Brain-to-text: decoding spoken phrases from phoneme representations in the brain
1Cognitive Systems Lab, June 2015
2New York State Department of Health, National Center for Adaptive Neurotechnologies, Wadsworth Center, Albany, NY, USA
Until now it remained a difficult challenge to decode continuously spoken speech from the neural substrate associated with speech and language processing. Now spoken speech can be decoded into the expressed words from intracranial electrocorticographic (ECoG) recordings.Specifically, we implemented a system, which we call Brain-To-Text that models single phoneme*, employs techniques from automatic speech recognition (ASR), and thereby transforms brain activity into the corresponding textual representation.Our approach contributes to the current understanding of the neural basis of continuous speech production by identifying those cortical regions that hold substantial information about individual phoneme.
Communication with computers or humans by thought alone has long been a goal of the brain-computer interface (BCI) community .Using covert speech/imagined continuous speech processes recorded from the brain for human-computer communication will improve BCI communication speed and also increase their usability. Numerous members of the scientific community, including linguists, speech processing technologists, and computational neuroscientists have studied the basic principles of speech and analyzed its fundamental building blocks. However, the high complexity and agile dynamics in the brain make it challenging to investigate speech production with traditional neuroimaging techniques. Thus, previous work has mostly focused on isolated aspects of speech in the brain.

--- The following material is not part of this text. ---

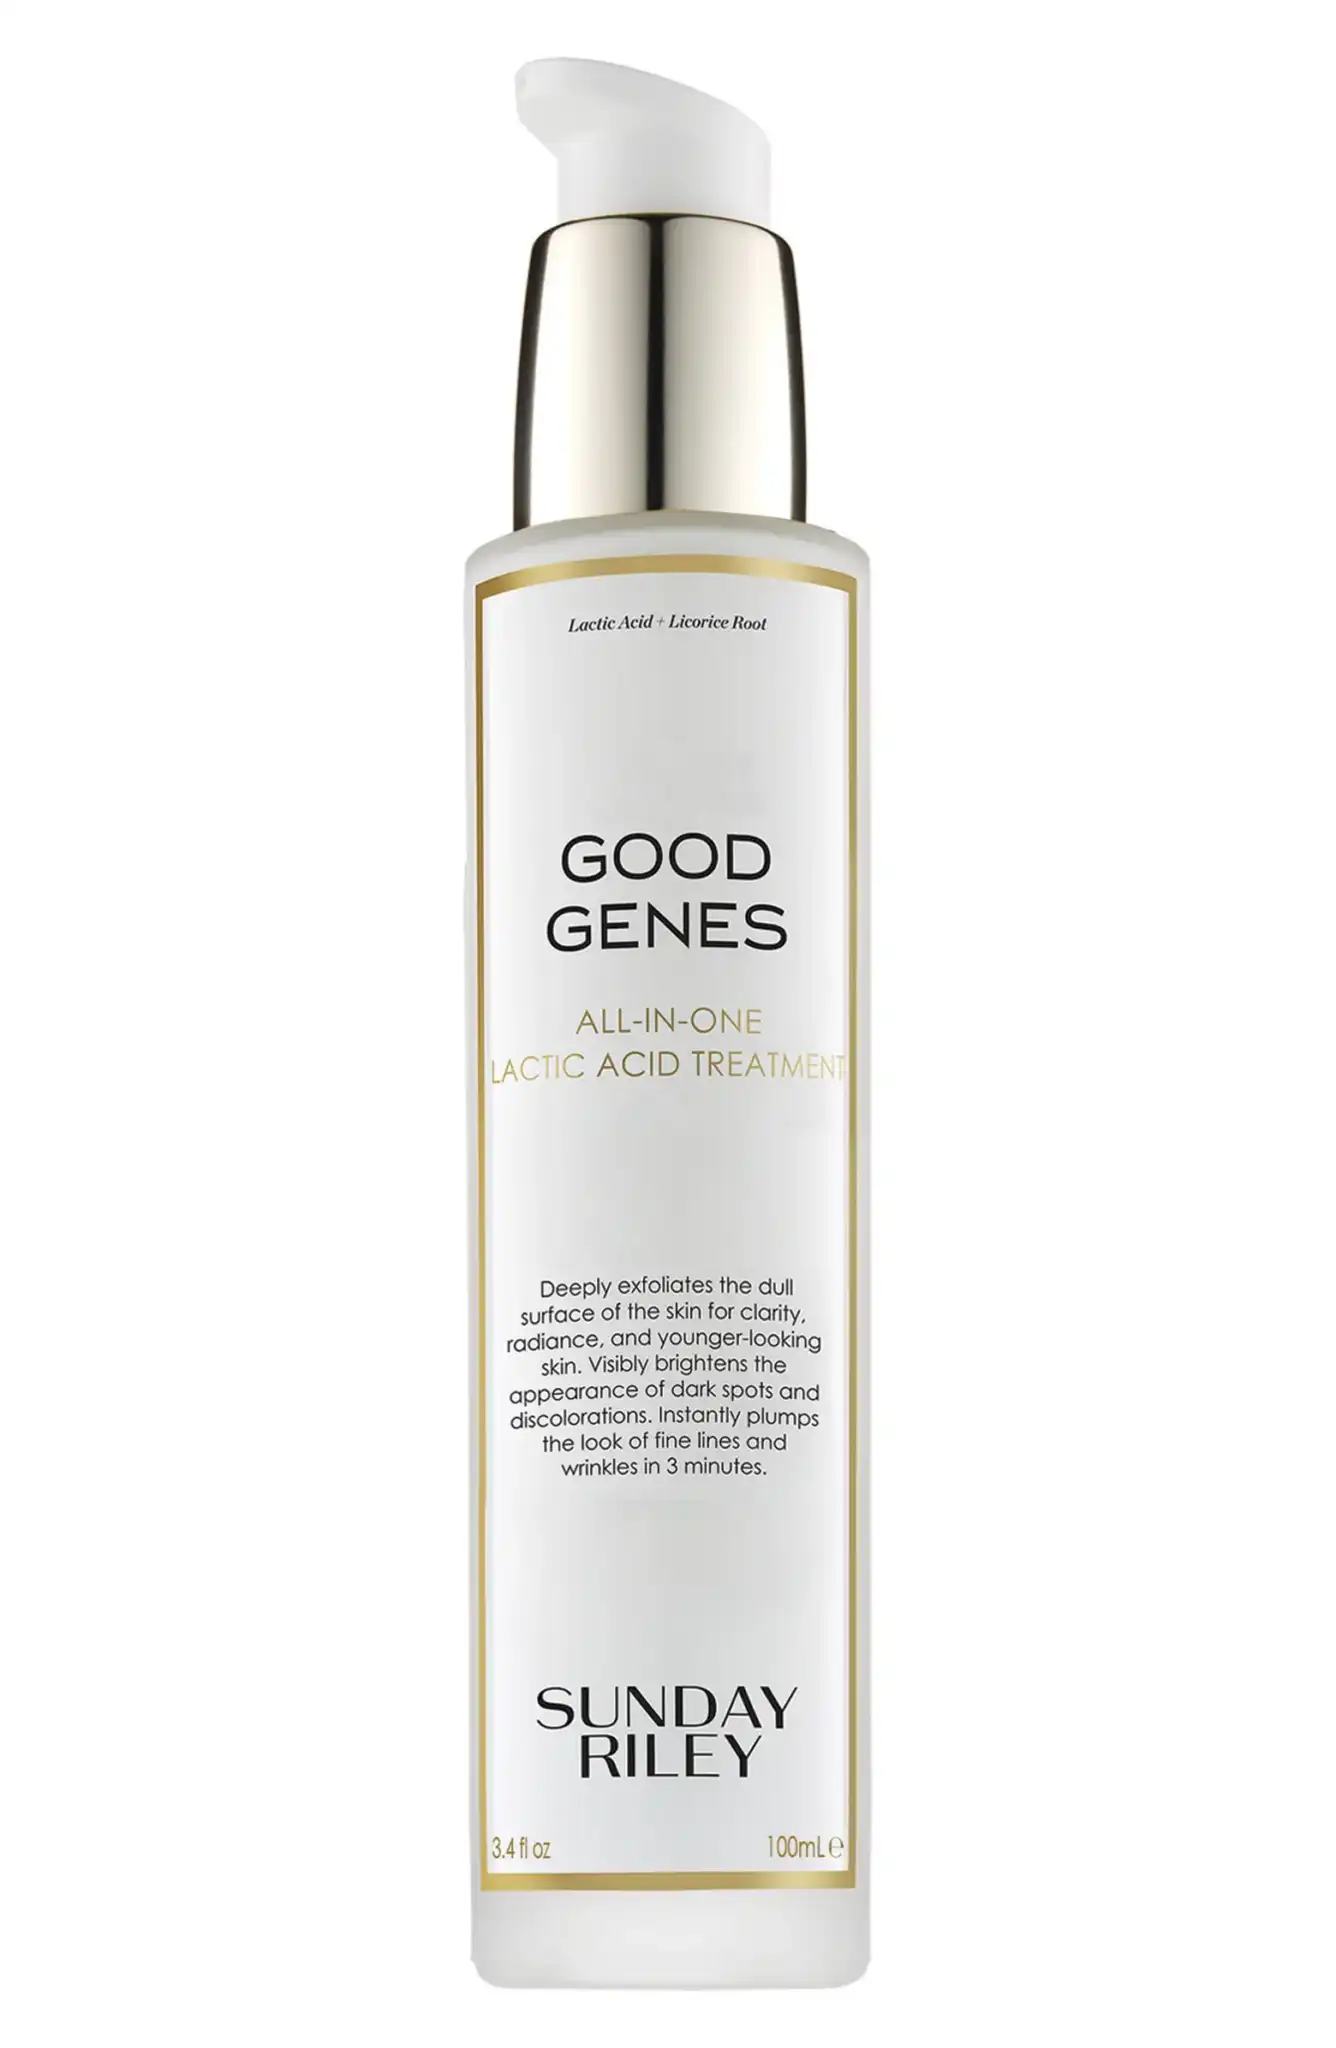 Jumbo Good Genes All-in-One Lactic Acid Exfoliating Face Treatment
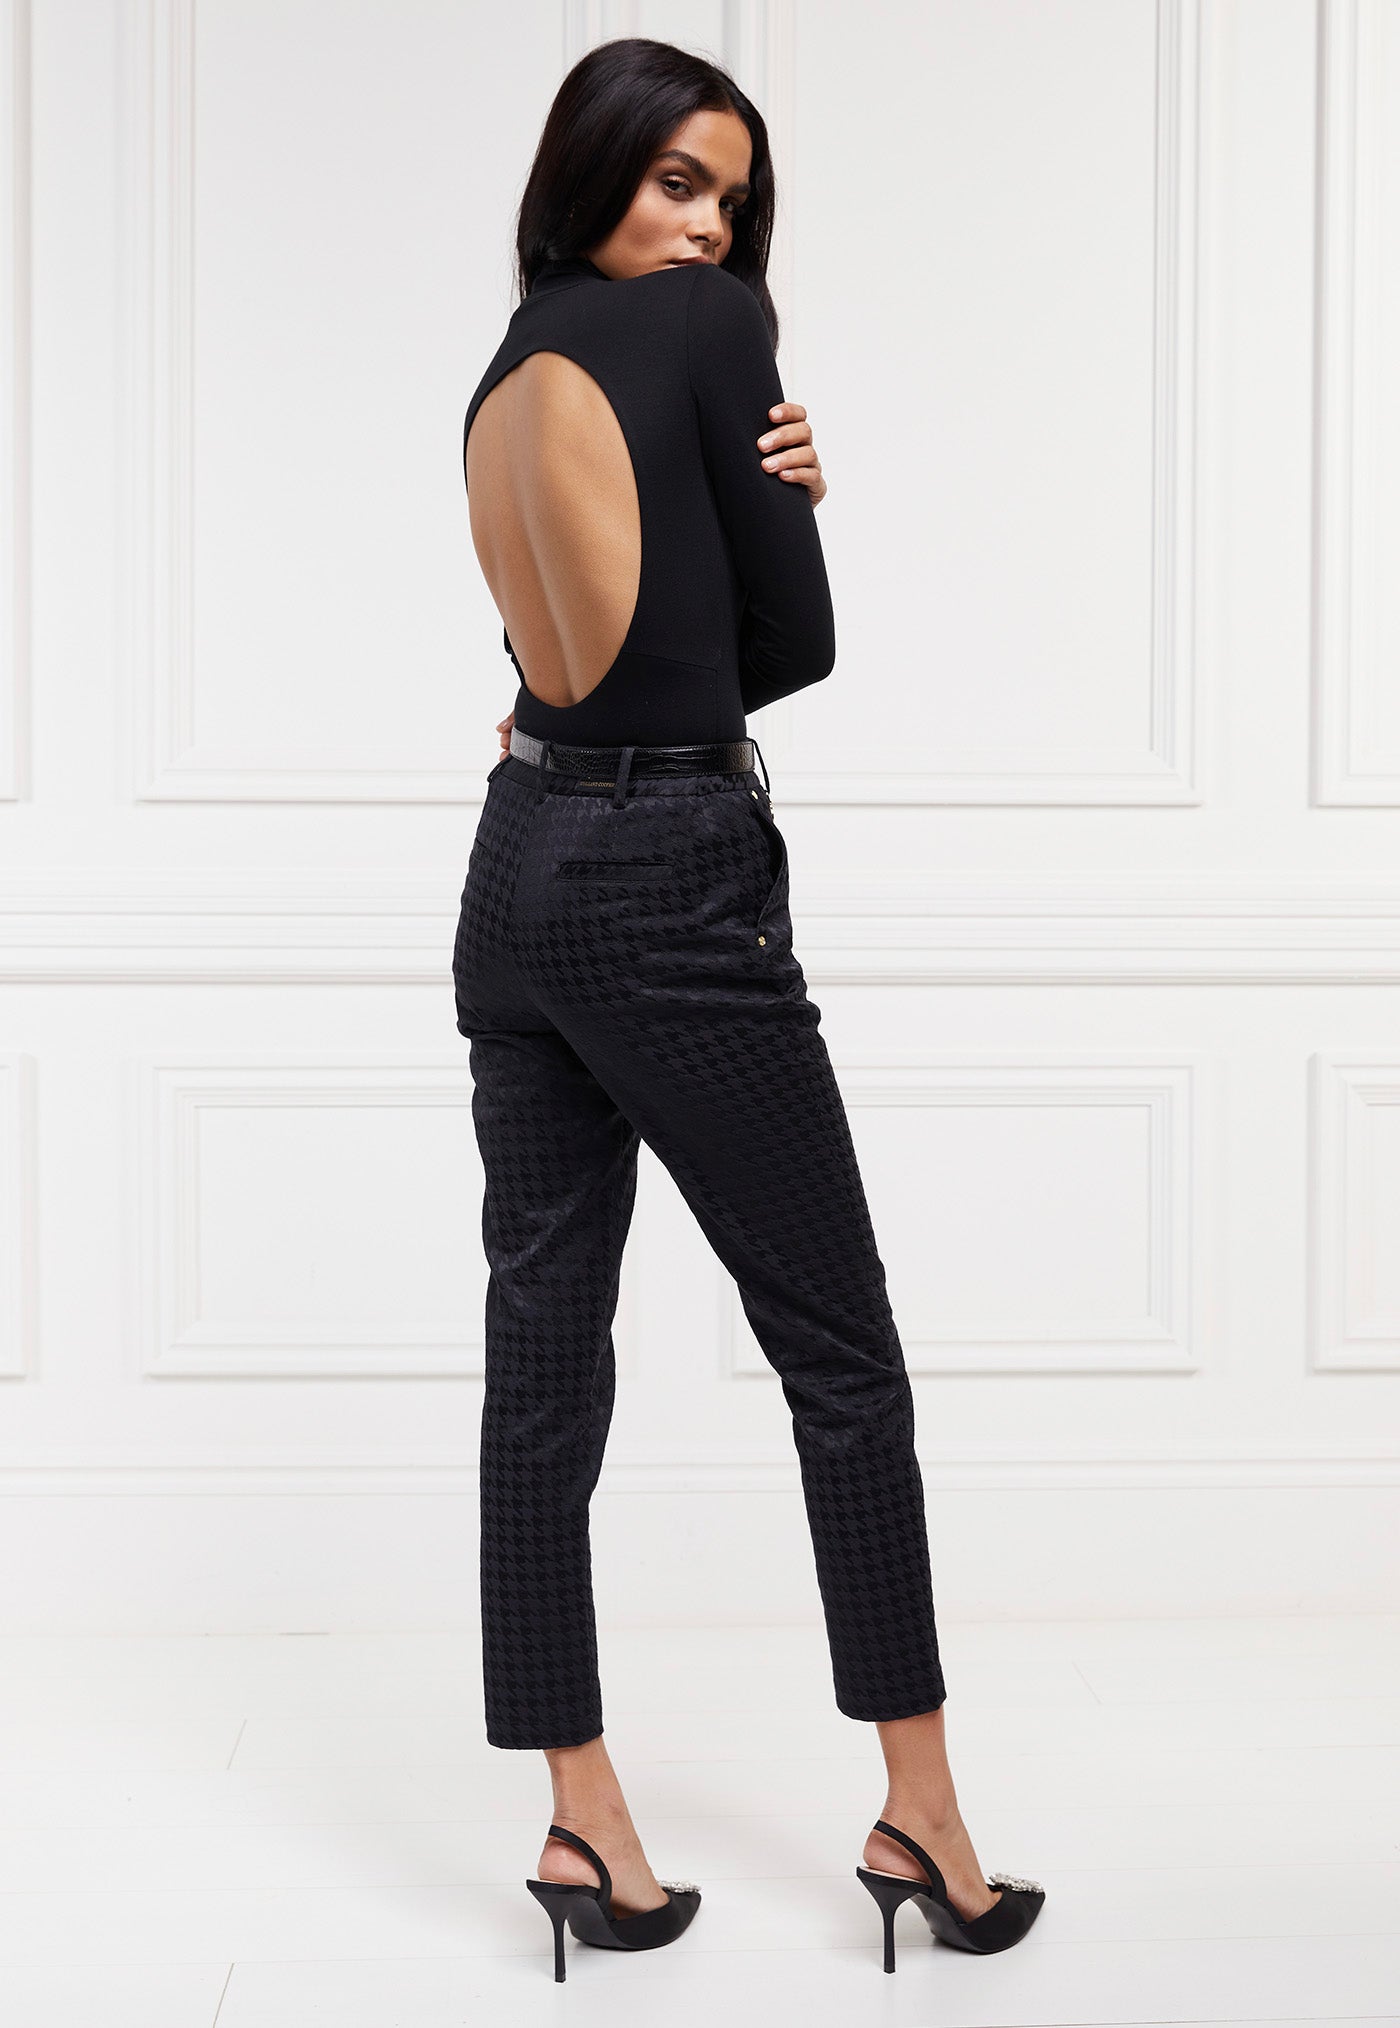 Bexley Tailored Trouser - Houndstooth Jacquard sold by Angel Divine

Several recent studies have begun to take advantage of the high spatial resolution, high temporal resolution and high signal-to-noise ratio of signals recorded directly from the brain [electrocorticography (ECoG)]. Several studies used ECoG to investigate the temporal and spatial dynamics of speech perception (Canolty et al., 2007;Kubanek et al., 2013). Other studies highlighted the differences between receptive and expressive speech areas (Towle et al., 2008; Fukuda et al., 2010). Further insights into the isolated repetition of phoneme and words has been provided in Leuthardt et al. (2011b); Pei et al. (2011b). Pasley et al. (2012) showed that auditory features of perceived speech could be reconstructed from brain signals. In a study with a completely paralyzed subject,Guenther et al. (2009) showed that brain signals from speech-related regions could be used to synthesize vowel formants. Following up on these results, Martin et al. (2014) decoded spectrotemporal features of overt and covert speech from ECoG recordings. Evidence for a neural representation of phones and phonetic features during speech perception was provided in Chang et al. (2010) and Mesgarani et al. (2014), but these studies did not investigate continuous speech production. Other studies investigated the dynamics of the general speech production process (Crone et al., 2001a,b). A large number of studies have classified isolated aspects of speech processes for communication with or control of computers. Deng et al. (2010) decoded three different rhythms of imagined syllables. Neural activity during the production of isolated phones was used to control a one-dimensional cursor accurately (Leuthardt et al., 2011a). Formisano et al. (2008) decoded isolated phones using functional magnetic resonance imaging (fMRI). Vowels and consonants were successfully discriminated in limited pairings in Pei et al. (2011a). Blakely et al. (2008) showed robust classification of four different phonemes. Other ECoG studies classified syllables (Bouchard and Chang, 2014) or a limited set of words (Kellis et al., 2010). Extending this idea, the imagined production of isolated phones was classified in Brumberg et al. (2011). Recently,Mugler et al. (2014b) demonstrated the classification of a full set of phones within manually segmented boundaries during isolated word production.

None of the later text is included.